Mmmm - I've seen such discussions before, and am no closer to accepting the above as valid advice.

No way I'd do it, but it ain't my dog ...

Every time I start to look at the mm/vm code I get a head-ache and give up. Let's assume it might be safe to do a swapoff/swapon if all the slots can be reclaimed, and all active tasks can be swapped back into memory in toto.

*BUT* - if this is possible, there is no reason to do it, because there is obviously (more than) sufficient reclaimable slots.

So why risk it ??? - let the system handle it on demand.

Happy to have some-one point out where my logic is amiss.

incubator, on what do you base the following ????; *Quote:*   

>  after several programs or the JBoss server has been closed because not all swap (actually very little to none) is released. 

 

Edit: - guess it must have worked; just been marked "solved" ....  :Rolling Eyes: 

----------

## incubator

1) I put it to solved as I once did that in the past and did solve the problem back then though I just wanted to know if there was any other way, and apparently not

2) I based that quote on the fact tot all my swap was free before starting all these things, but once I started JBoss and other Java related things, I see swap being eaten.

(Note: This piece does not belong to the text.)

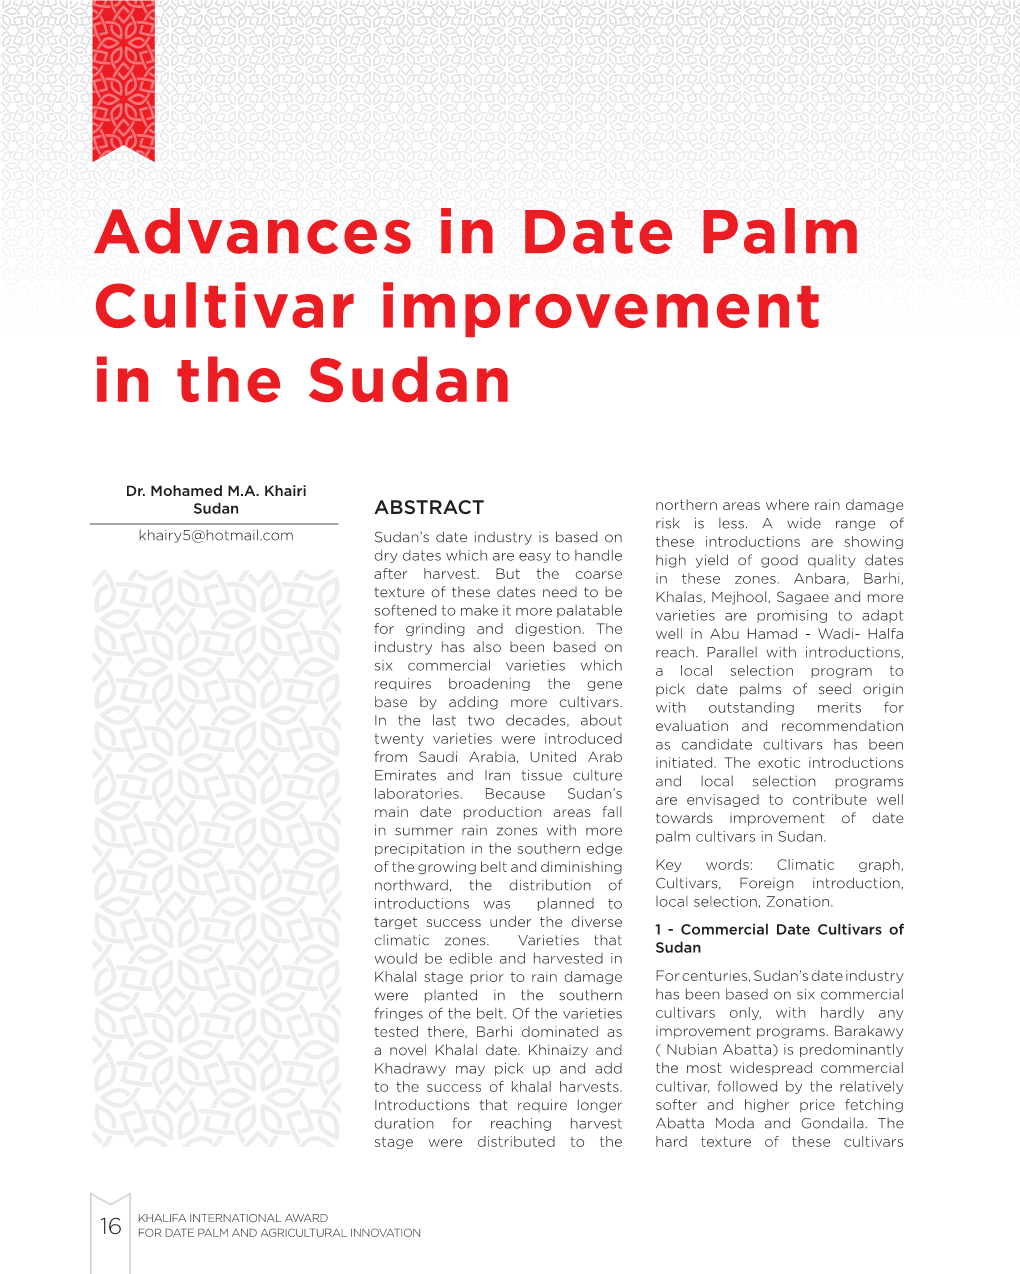 Advances in Date Palm Cultivar Improvement in the Sudan

When I close them, an hour later (idling) the swap was not returned.

----------

## syg00

Presumably from top or meminfo or such ???.

I have seen discussions re the meaning of "free" - and am only a little the wiser.

The interpretation of the page- and swap-cache free lists are "interesting".

Your presumtion of a problem existing is likely to be false. How anyone can ascertain this is questionable.

However, I wouldn't be taking the risk of killing active tasks by pulling swap out.

Your system, your decision.

----------

## incubator

i used gkrellm

and if a killall java does not release the swap it used, then I think there is a reason to do it

----------

## bollucks

Try the swap prefetching patches from the -ck tree that are now in -mm; and slated for mainline inclusion in the near future.

----------

## syg00

Better not - when I looked at Cons notes (when he first released it admittedly), he said you could expect to see up to 50% usage of your swap.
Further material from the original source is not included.